Já tive casos como placas EPoX (que são de alto nível, principalmente para overclock, com toda essa parte elétrica mais reforçada) com capacitores estufados. É claro, pode realmente ser algum problema direto na parte elétrica da placa, mas na grande maioria dos casos, principalmente quando é a região dos mosfests afetada, passo sempre um orçamento com a troca da fonte inclusa (e claro, salientando para o cliente porquê a fonte está sendo trocada).
Já tive várias placas “ressucitadas” trocando capacitores. Isso exige certa habilidade com estanhador e um conhecimento de eletrônica, mas é uma solução bem viável, principalmente em placas que valem a pena um conserto, como o caso dessa EPoX que teve seus capacitores trocados e funciona até hoje.
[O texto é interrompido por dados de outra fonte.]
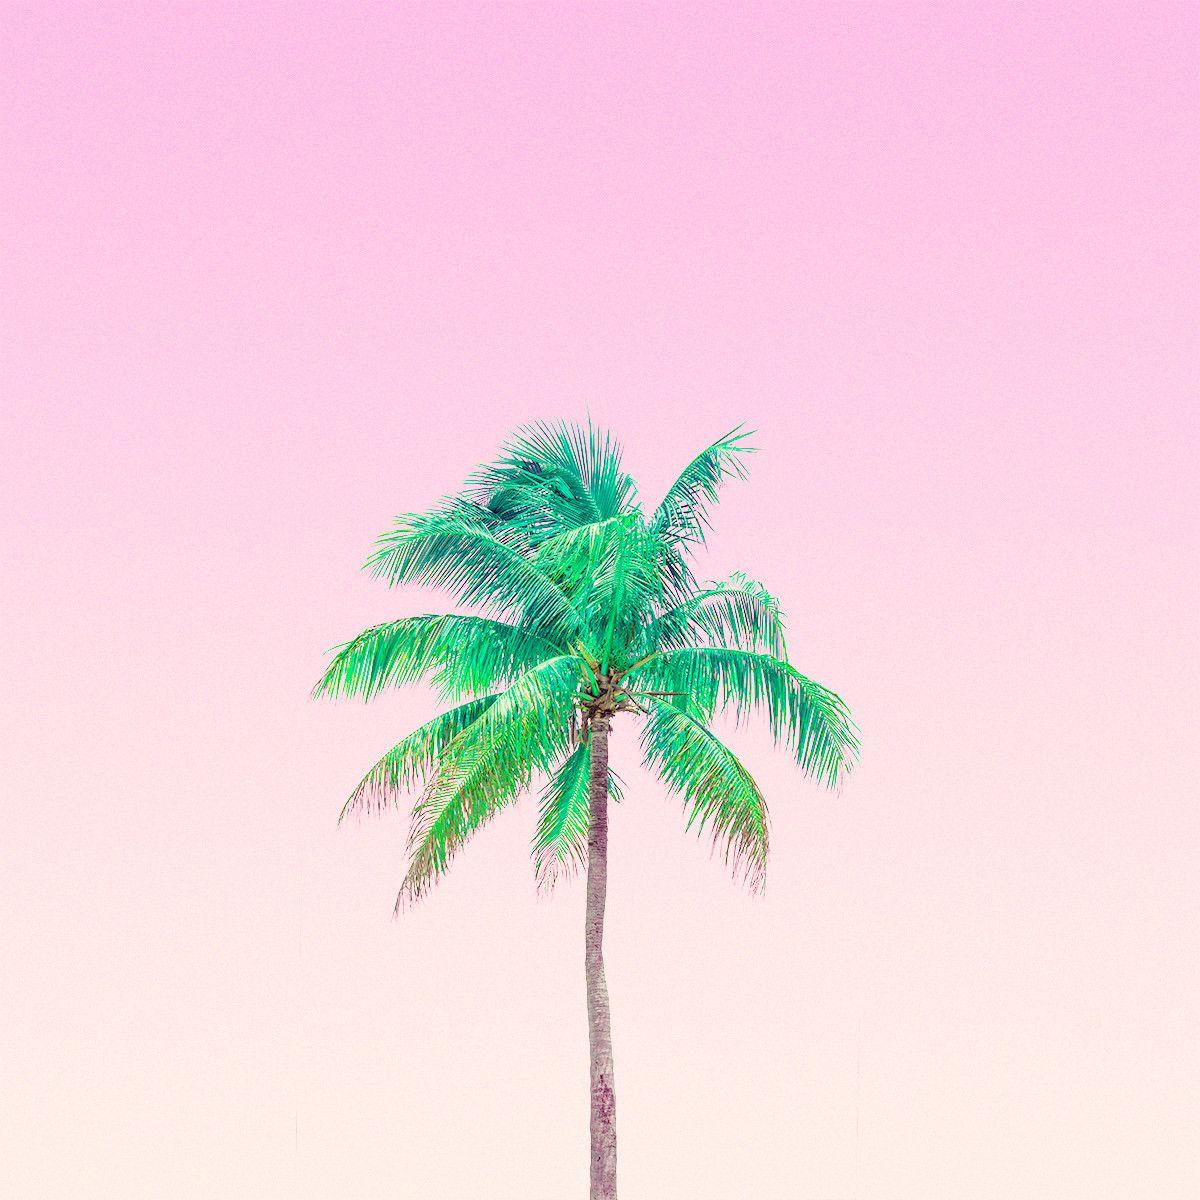 Tree Wallpaper Iphone, Summer Wallpaper

A fonte tem mais capacitores ainda, e também estão sujeitos à esse tipo de problema, por isso não esqueça de abri-la e observar sua integridade.
Considerações finais
Para quem está acostumado à um ambiente de laboratório, sabe que muitas vezes a informática fica bem longe apenas do 0 e 1, e que as situações possíveis são infinitas. Entretanto, o que foi abordado nesse tutorial serve como boa base para identificar rapidamente o problema e solucioná-lo, ainda mais nessa área, que cresce e exige profissionais cada vez mais qualificados. Esse tipo de serviço (como praticamente qualquer um envolvendo problemas de hardware) é extremamente estressante. Como última dica posso recomendar um bom ambiente de trabalho, calma, e não se esqueça… É apenas uma máquina :).